NM000229: eeg dataset, 29 subjects#
Gwilliams et al. 2023 — Introducing MEG-MASC: a high-quality magneto-encephalography dataset for evaluating natural speech processing
Access recordings and metadata through EEGDash.
Citation: Laura Gwilliams, Graham Flick, Alec Marantz, Liina Pylkkänen, David Poeppel, Jean-Rémi King (2019). Gwilliams et al. 2023 — Introducing MEG-MASC: a high-quality magneto-encephalography dataset for evaluating natural speech processing. 10.1038/s41597-023-02752-5
Modality: eeg Subjects: 29 Recordings: 1360 License: CC0 Source: nemar
Metadata: Complete (100%)
Quickstart#
Install
pip install eegdash
Access the data
from eegdash.dataset import NM000229
dataset = NM000229(cache_dir="./data")
# Get the raw object of the first recording
raw = dataset.datasets[0].raw
print(raw.info)
Filter by subject
dataset = NM000229(cache_dir="./data", subject="01")
Advanced query
dataset = NM000229(
cache_dir="./data",
query={"subject": {"$in": ["01", "02"]}},
)
Iterate recordings
for rec in dataset:
print(rec.subject, rec.raw.info['sfreq'])
If you use this dataset in your research, please cite the original authors.
BibTeX
@dataset{nm000229,
title = {Gwilliams et al. 2023 — Introducing MEG-MASC: a high-quality magneto-encephalography dataset for evaluating natural speech processing},
author = {Laura Gwilliams and Graham Flick and Alec Marantz and Liina Pylkkänen and David Poeppel and Jean-Rémi King},
doi = {10.1038/s41597-023-02752-5},
url = {https://doi.org/10.1038/s41597-023-02752-5},
}
About This Dataset#
MEG-MASC: a high-quality magneto-encephalography dataset for evaluating natural speech processing.
Laura Gwilliams, Graham Flick, Alec Marantz, Liina Pylkkänen, David Poeppel, Jean-Rémi King
View full README
MEG-MASC: a high-quality magneto-encephalography dataset for evaluating natural speech processing.
Laura Gwilliams, Graham Flick, Alec Marantz, Liina Pylkkänen, David Poeppel, Jean-Rémi King
Abstract
The “MEG-MASC” dataset provides a curated set of raw magnetoencephalography (MEG) recordings of 27 English speakers who listened to two hours of naturalistic stories.

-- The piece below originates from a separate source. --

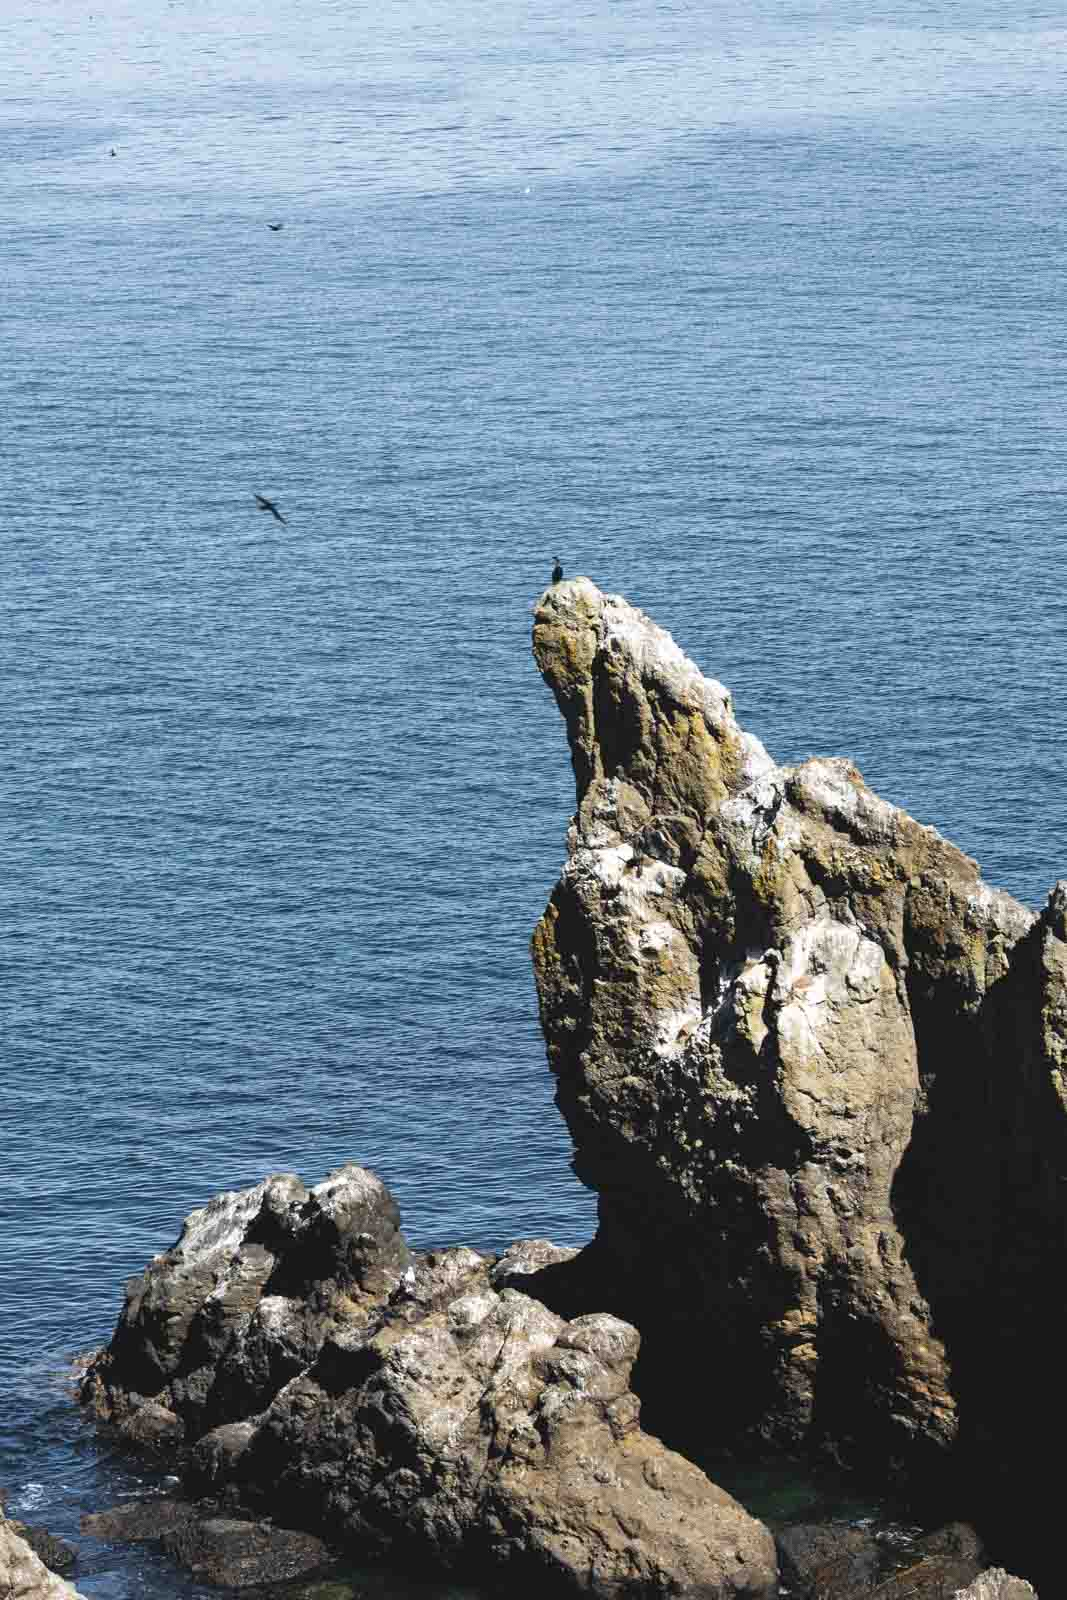 Seabirds on coastal rocks at Yaquina Head Lighthouse, one of the best Oregon Lighthouses

Each participant performed two identical sessions, involving listening to four fictional stories from the Manually Annotated Sub-Corpus (MASC) intermixed with random word lists and comprehension questions. We time-stamp the onset and offset of each word and phoneme in the metadata of the recording, and organize the dataset according to the ‘Brain Imaging Data Structure’ (BIDS). This data collection provides a suitable benchmark to large-scale encoding and decoding analyses of temporally-resolved brain responses to speech. We provide the Python code to replicate several validations analyses of the MEG evoked related fields such as the temporal decoding of phonetic features and word frequency. All code and MEG, audio and text data are publicly available to keep with best practices in transparent and reproducible research.
Please cite
- @article{gwilliams2022neural,
title={Neural dynamics of phoneme sequences reveal position-invariant code for content and order}, author={Gwilliams, Laura and King, Jean-Remi and Marantz, Alec and Poeppel, David}, journal={Nature Communications}, volume={13}, number={1}, pages={1–14}, year={2022}, publisher={Nature Publishing Group}
}
Task organisation
- Each subject listened to four unique stories:
task-0 : ‘lw1’,
task-1 : ‘cable_spool_fort’,
task-2 : ‘easy_money’,
task-3 : ‘The_Black_Widow’
Stories were presented in a different order to each participant:
participant_id : task_order sub-01 : [0, 1, 2, 3] sub-02 : [0, 1, 3, 2] sub-03 : [0, 2, 3, 1] sub-04 : [3, 0, 1, 2] sub-05 : [2, 3, 1, 0] sub-06 : [0, 2, 1, 3] sub-07 : [0, 3, 1, 2] sub-08 : [3, 1, 0, 2] sub-09 : [2, 1, 3, 0] sub-10 : [1, 2, 3, 0] sub-11 : [1, 3, 2, 0] sub-12 : [2, 0, 3, 1] sub-13 : [1, 3, 0, 2] sub-14 : [1, 0, 3, 2] sub-15 : [2, 1, 0, 3] sub-16 : [3, 0, 2, 1] sub-17 : [1, 2, 3, 0] sub-18 : [2, 0, 1, 3] sub-19 : [0, 3, 2, 1] sub-20 : [2, 3, 0, 1] sub-21 : [1, 2, 3, 0] sub-22 : [1, 0, 2, 3] sub-23 : [0, 2, 3, 1] sub-24 : [3, 1, 2, 0] sub-25 : [0, 1, 3, 2] sub-26 : [3, 1, 0, 2] sub-27 : [1, 2, 3, 0]
Stimulus timestamps
The timing of each phoneme and each word is provided in each sub-*_ses-*_task-*_events.tsv file, for each subject, session and task. The timing links the MEG recording to the relevant speech moments of that story.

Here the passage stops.